So it can pick up "Legal" stores just because the default initialization and the target has never had to set them to anything else in the past. There are TruncStoreActions that should be set though. What do you think of using something like this, based on whether there is a legal trunk store?

unsigned getStoreMinimumVF(unsigned VF, Type *ScalarTy) const {
  auto &&IsSupportedByTarget = [this, ScalarTy](unsigned VF) {
    auto *SrcTy = FixedVectorType::get(ScalarTy, VF / 2);
    EVT VT = getTLI()->getValueType(DL, SrcTy);
    TargetLowering::LegalizeAction LA =
        getTLI()->getOperationAction(ISD::STORE, VT);
    if (getTLI()->isTypeLegal(VT) &&
        (LA == TargetLowering::Legal || LA == TargetLowering::Custom))
      return true;

    auto LT = getTLI()->getTypeLegalizationCost(DL, SrcTy);
    LA = getTLI()->getTruncStoreAction(LT.second, VT);
    return LA == TargetLowering::Legal || LA == TargetLowering::Custom;
  };
  while (VF > 2 && IsSupportedByTarget(VF))
    VF /= 2;
  return VF;
}

Would that work for the cases you are interested in? The target can override it in any case, so at least it is controllable. But if that works for your use-cases it should hopefully match the target lowering a little better.

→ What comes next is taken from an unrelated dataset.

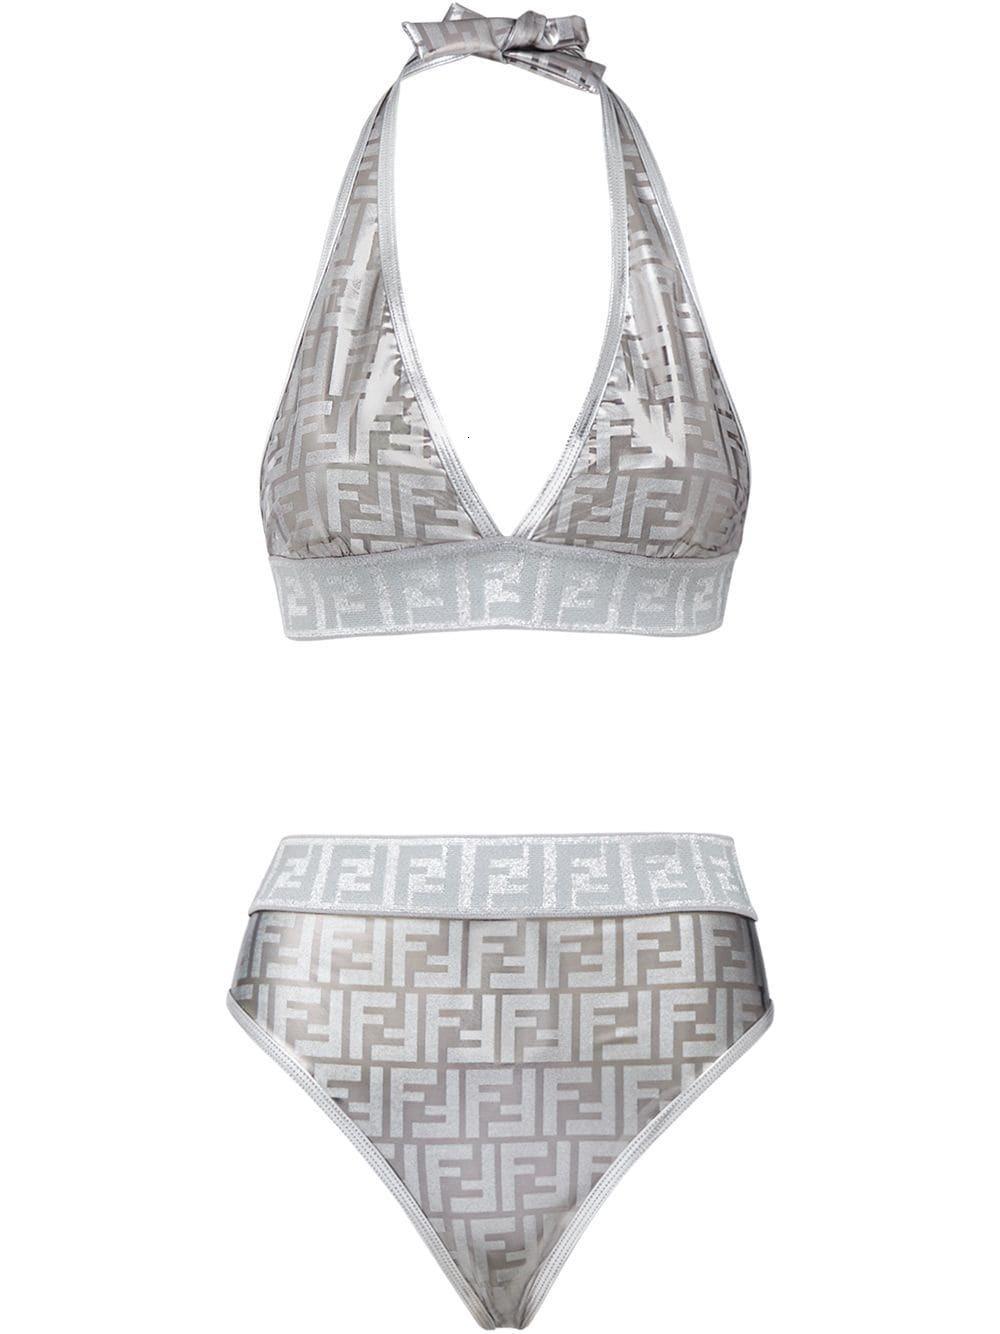 2020 high quality ladies swimwear summer fashion sexy glamour beach swimming beautiful ladies swimwear O1XP

Thanks for the update, this looks better to me. The perf results I have were looking OK too, except for one fp16 case where it was choosing to use v2f16 vectorization. It could be OK, it's essentially trading unrolling vs vectorizing and one isn't obviously better or worse than the other. But small vectorization factors can be difficult at times.

I think the problem is that getOperationAction will get the data from these OpActions, which will all be initialize to 0 (=Legal) and targets do not usually overrides that for illegal types:
https://github.com/llvm/llvm-project/blob/a9d68a5524dea113cace5983697786599cbdce9a/llvm/lib/CodeGen/TargetLoweringBase.cpp#L733

So it can pick up "Legal" stores just because the default initialization and the target has never had to set them to anything else in the past. There are TruncStoreActions that should be set though. What do you think of using something like this, based on whether there is a legal trunk store?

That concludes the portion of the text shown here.